Оля
Сашка научился плавать под водой, два дня наслаждался этим умением, а на третий оглох. И его положили в больницу. Ребенку пяти лет полагалось лежать без матери, и он тоскливо проводил меня взглядом.
— Я приду к тебе вечером, — сказала я.
— Точно? — то ли не расслышал, то ли не поверил он.
— Точно! — громко крикнула я.
— Смотри: только точно!
Я отправилась домой, вернее — в дом моих родителей, где я каждое лето провожу два месяца, чтобы немного закалить своих трех малышей. Почта уже пришла, но мне опять ничего нет. Муж второй месяц не пишет. Что там с ним стряслось? Я из-за него голову потеряла, а тут еще болезнь сына!..

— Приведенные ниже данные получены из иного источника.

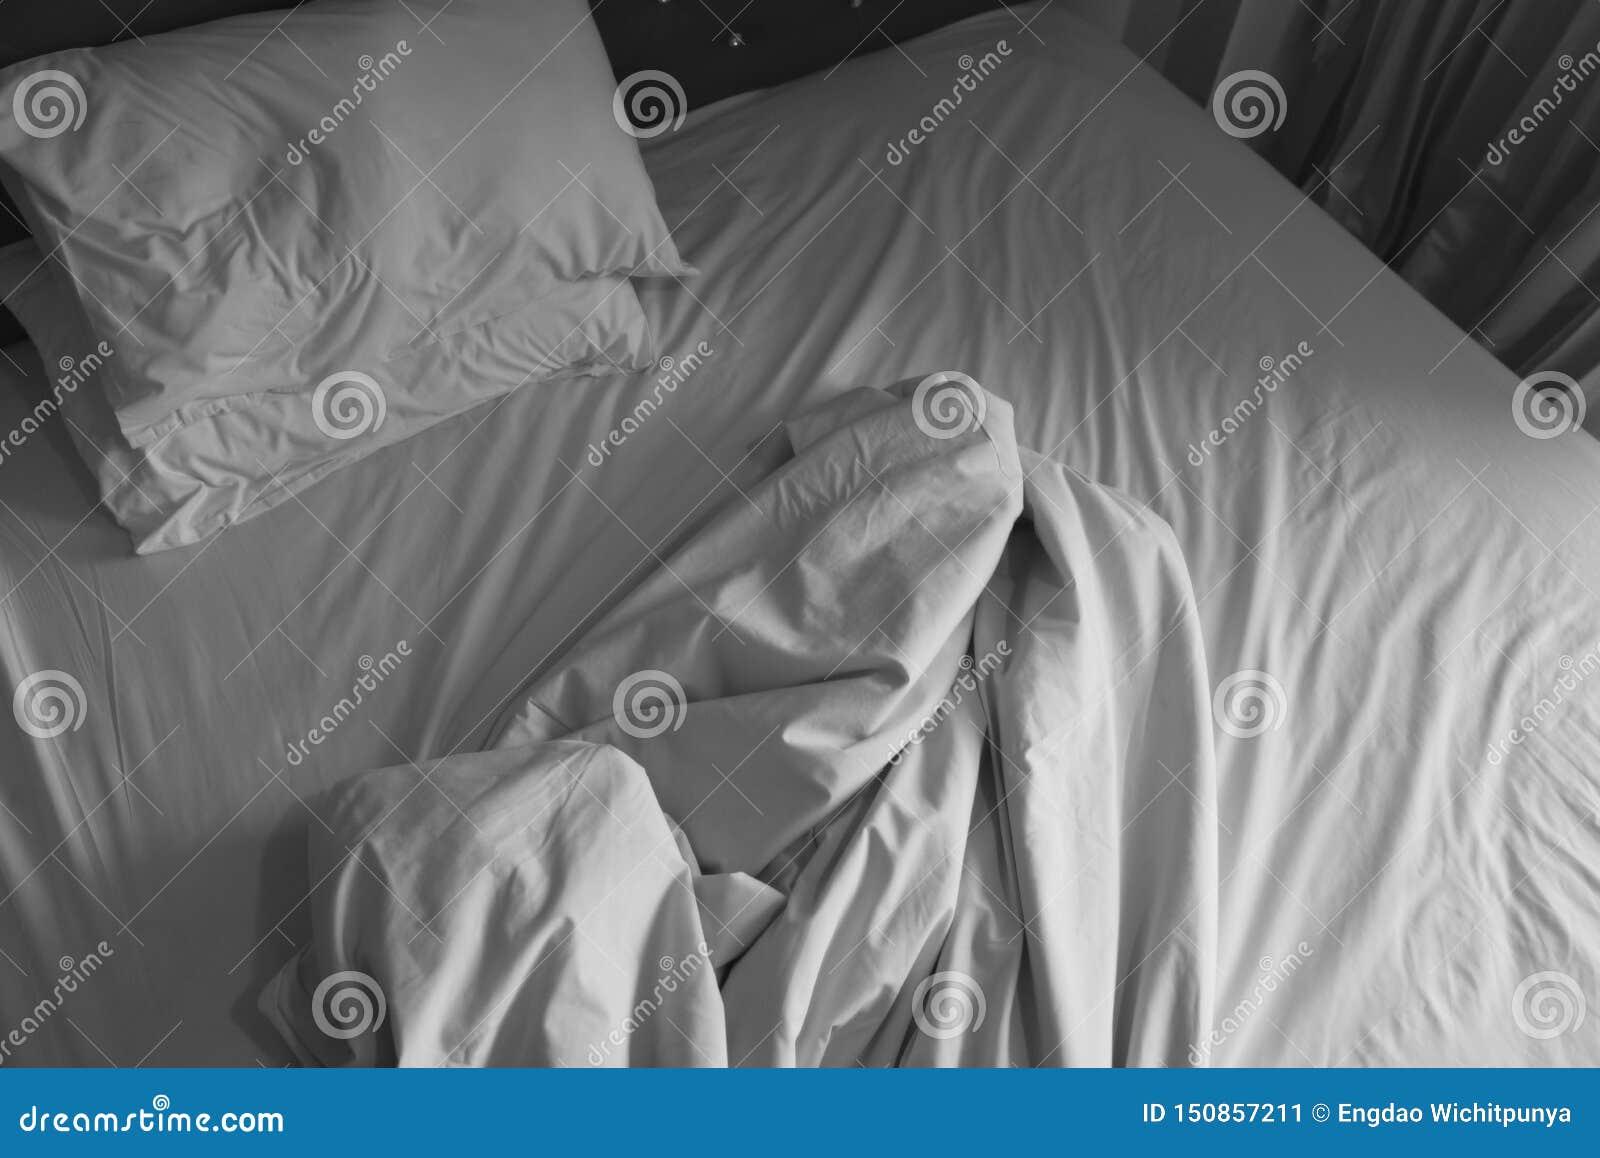 Unmade łóżkowy prześcieradło zagniecenia i poduszki biała koc w sypialni po sen na odgórnym widoku - Marszcząca tkanina

Вечером я с фруктами и конфетами подходила к лор-отделению больницы. Рядом с табличкой «Ухо. Горло. Нос» вывесили свежий плакат: «Курение или здоровье — выбирай сам!» Почему-то он вызвал неприятные предчувствия. Войдя, я сразу столкнулась с процессией: двое мужчин шли с носилками, на которых лежал, видно, только что скончавшийся человек. Успела заметить поразительную белизну его лба. Несколько женщин в полосатых больничных халатах сопровождали носилки, я услышала скорбное: «Прибрался Иван Николаевич» и «Рак горла — это рак горла».
Я побежала к сыну.
Он лежал лицом к стене и безутешно рыдал, так что сумеречный свет в палате, казалось, дрожал. Возле него сидел и крестился старичок, длинные волосы которого были сзади заколоты женской скрепкой. Лежащий на соседней кровати полный мужчина сказал мне:
— Вибромассаж вашему Саше сделали. А батюшка его утешает.

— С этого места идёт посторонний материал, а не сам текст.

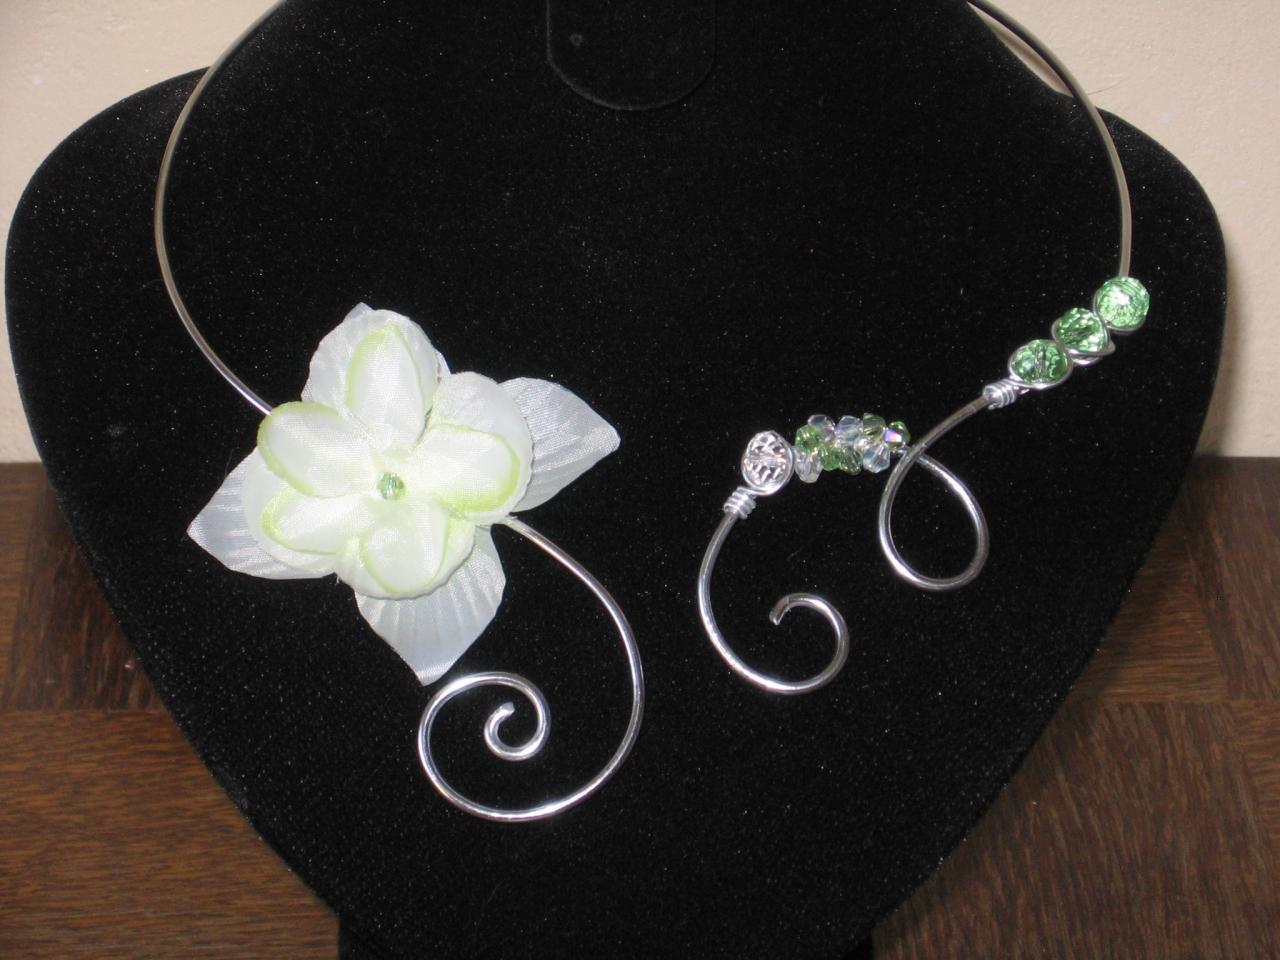 collier-fil-alu-argent-avec-fleur-de-tissu-verte-et-perles-en-cristal-verte-et-cristal-l-atelier-de-samantha-1.jpg
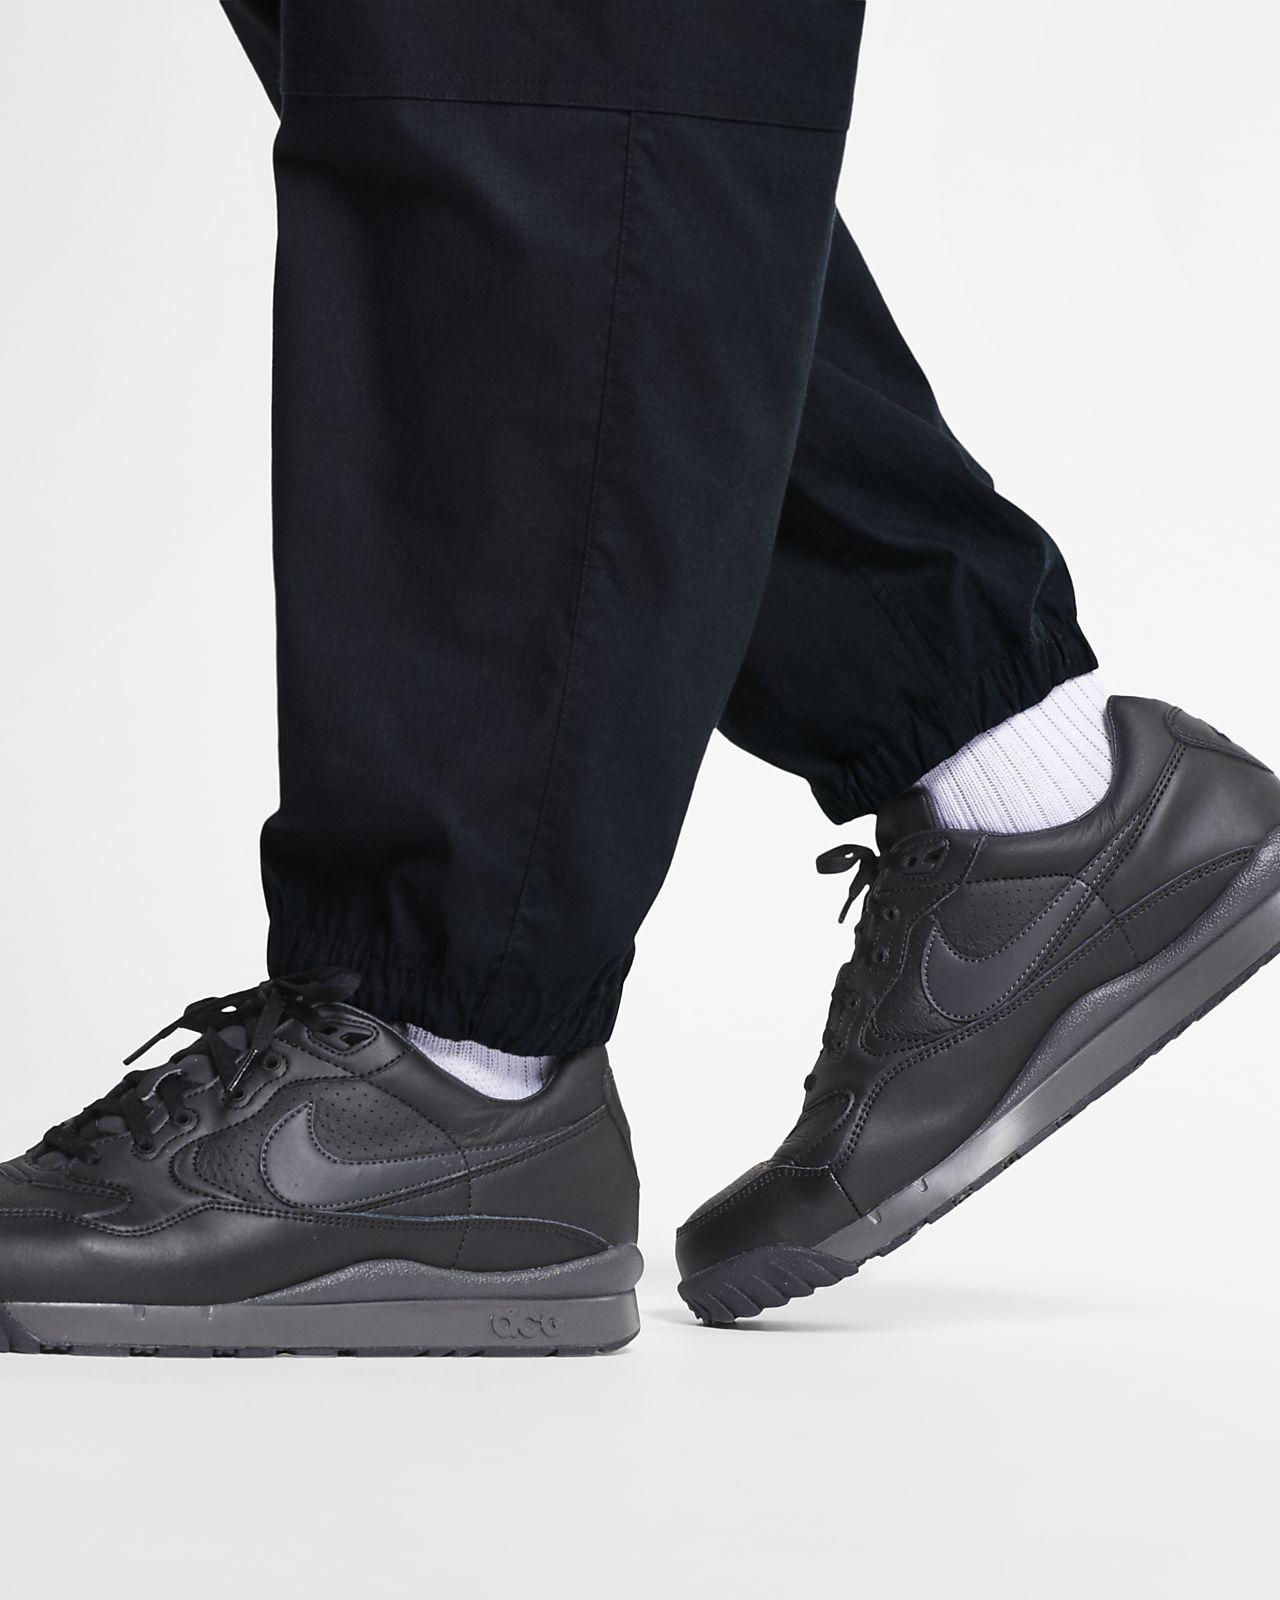 De Pantalon Nike Pour Randonnée Acg Homme nOkw80PX

Я разглядела белую вату в ухе батюшки и догадалась, что сам он тоже лечится здесь. Действительно, он прошел в угол и лег. Оставались пустыми еще четыре кровати.
— Саша, почему ты плачешь?
— Ага! Все люди умрут, и никого не останется, солнышко будет, а никто его не увидит — все-все умрут, — причитая, как на поминках, рыдал мой ребенок.
— Ты слышишь? — обрадовалась я, прижимая сына к груди и успокаивая: — У вас тут, видимо, говорили о покойном. Но ведь не враз все умрут, Саша. Земля пустовать никогда не будет. Я тебе конфет купила.
— Сначала, значит, ты умрешь, а потом — я?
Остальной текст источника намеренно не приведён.